Should Dianne Wilkerson run for her old Senate seat, despite her conviction 12 years ago on federal corruption charges? That decision is up to her.
It will be up to voters to decide if she deserves a second chance — and they should think twice about it. That’s what Wilkerson’s would-be rivals are saying, if ever so diplomatically.
State Representative Nika Elugardo told me Wilkerson previously encouraged her to run for her old seat and said she looked forward to being represented by her. Now that Wilkerson has pulled nomination papers for her own potential candidacy, what does Elugardo think about the prospect of running against someone with Wilkerson’s criminal history?
“It’s not something I would hold against her as far as getting in,” she said. “But it’s data I would take into account: What is your pattern and practice for how you do business?”

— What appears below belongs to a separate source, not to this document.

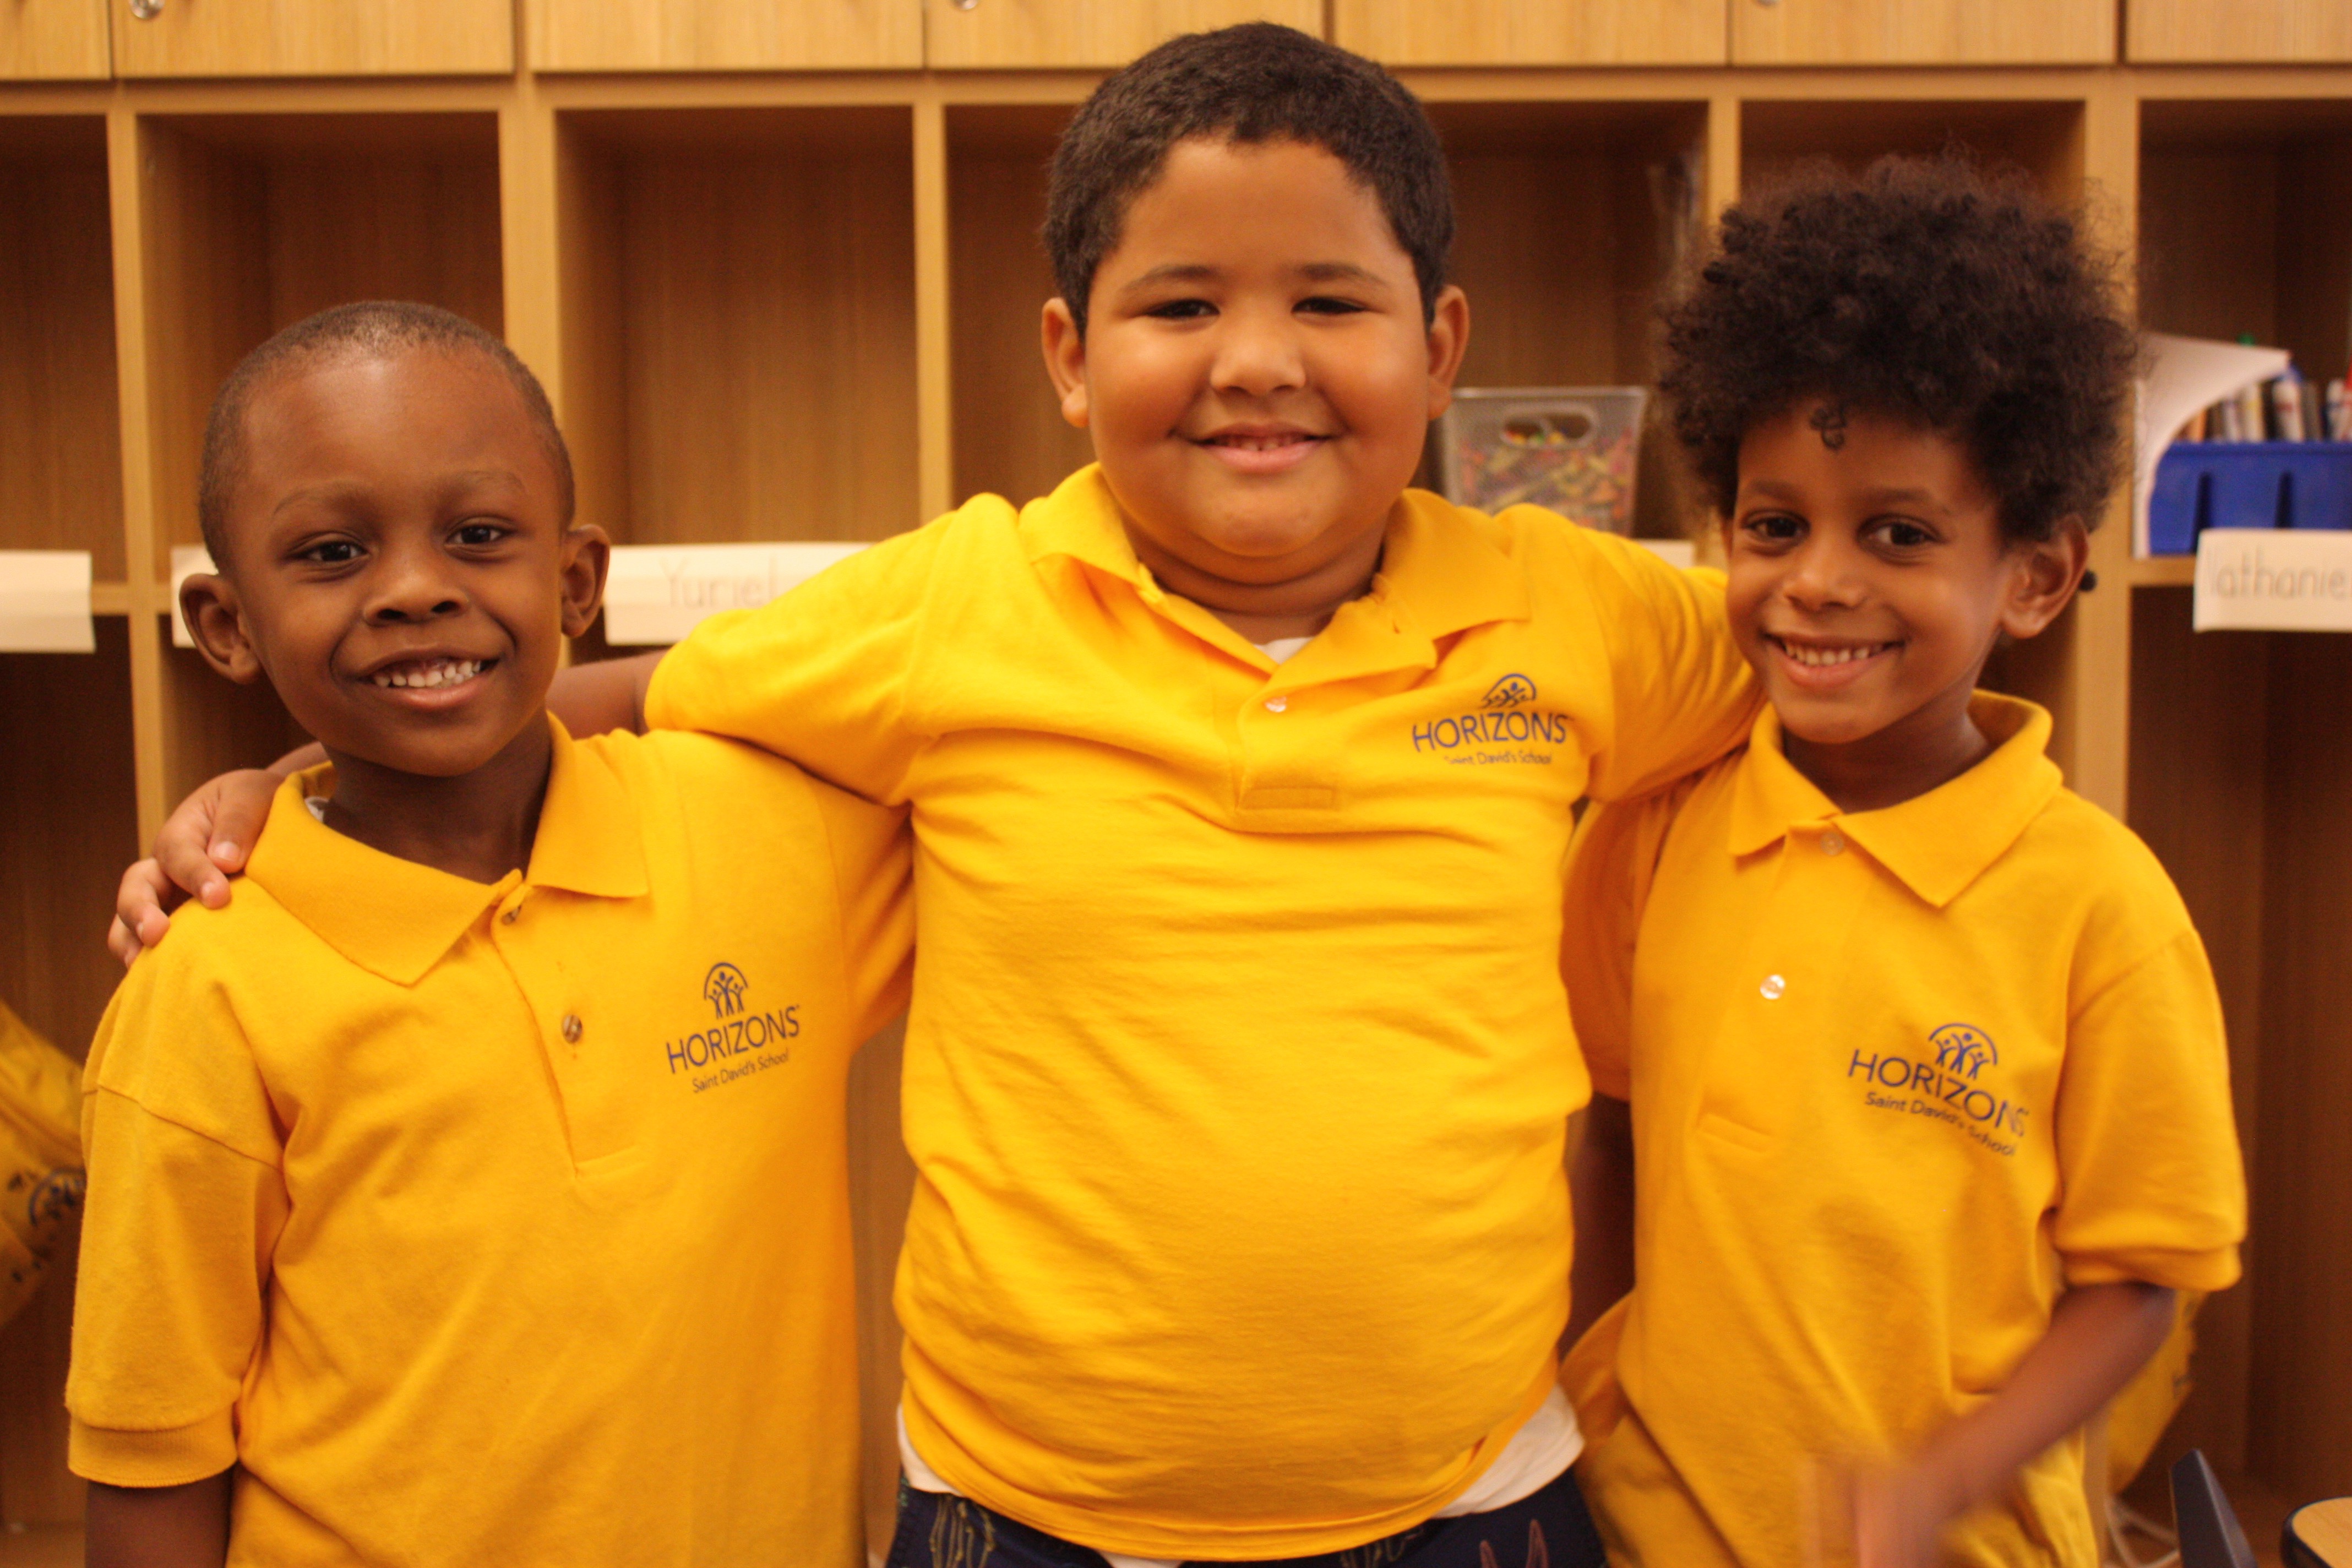 Three smiling young boys wearing yellow Horizons program shirts

Noted state Representative Liz Miranda, “I welcome Dianne warmly to the race. . . . I respect much of what she’s done.” But asked specifically what she thinks about Wilkerson’s bid to write a new political chapter for herself, Miranda said: “Folks deserve redemption. But there’s a clear difference between those currently in the race and those who are thinking about jumping in.”
Echoed the Rev. Miniard Culpepper, who is also running for the seat, “Everyone has a right to run. Welcome, Dianne to the race . . . but when I think about what I’ve done . . . I have the most experience.”
Leave it to a former politician to address the political elephant in the room more bluntly. Jeffrey Sanchez, who served in the Legislature at the same time as Wilkerson, said her legal troubles back then cast a shadow on all Beacon Hill politicians. Voters were asking, “Could they trust me as a politician? It was not cool. It gave a bad name to being an elected official,” said Sanchez, who now works as a senior adviser at Rasky Partners. He lost his seat to Elugardo, who was seen as more progressive, and is not aligned with any candidate.
With help from the media, Wilkerson is clearly trying to put her past behind her. A recent, lengthy Boston magazine piece entitled “Who is Dianne Wilkerson?” is a prime example. It covered the highs of her career – she was the first Black woman elected to the state Senate, in 1992, and was seen as a political superstar and even a potential mayor — and gave her a chance to address the lowest of the lows: the infamous 2008 photo of her stuffing cash into her bra. That scandal led to her resignation from the Senate, a guilty plea for taking $23,500 in bribes for using influence to help someone get a liquor license, and 30 months in federal prison.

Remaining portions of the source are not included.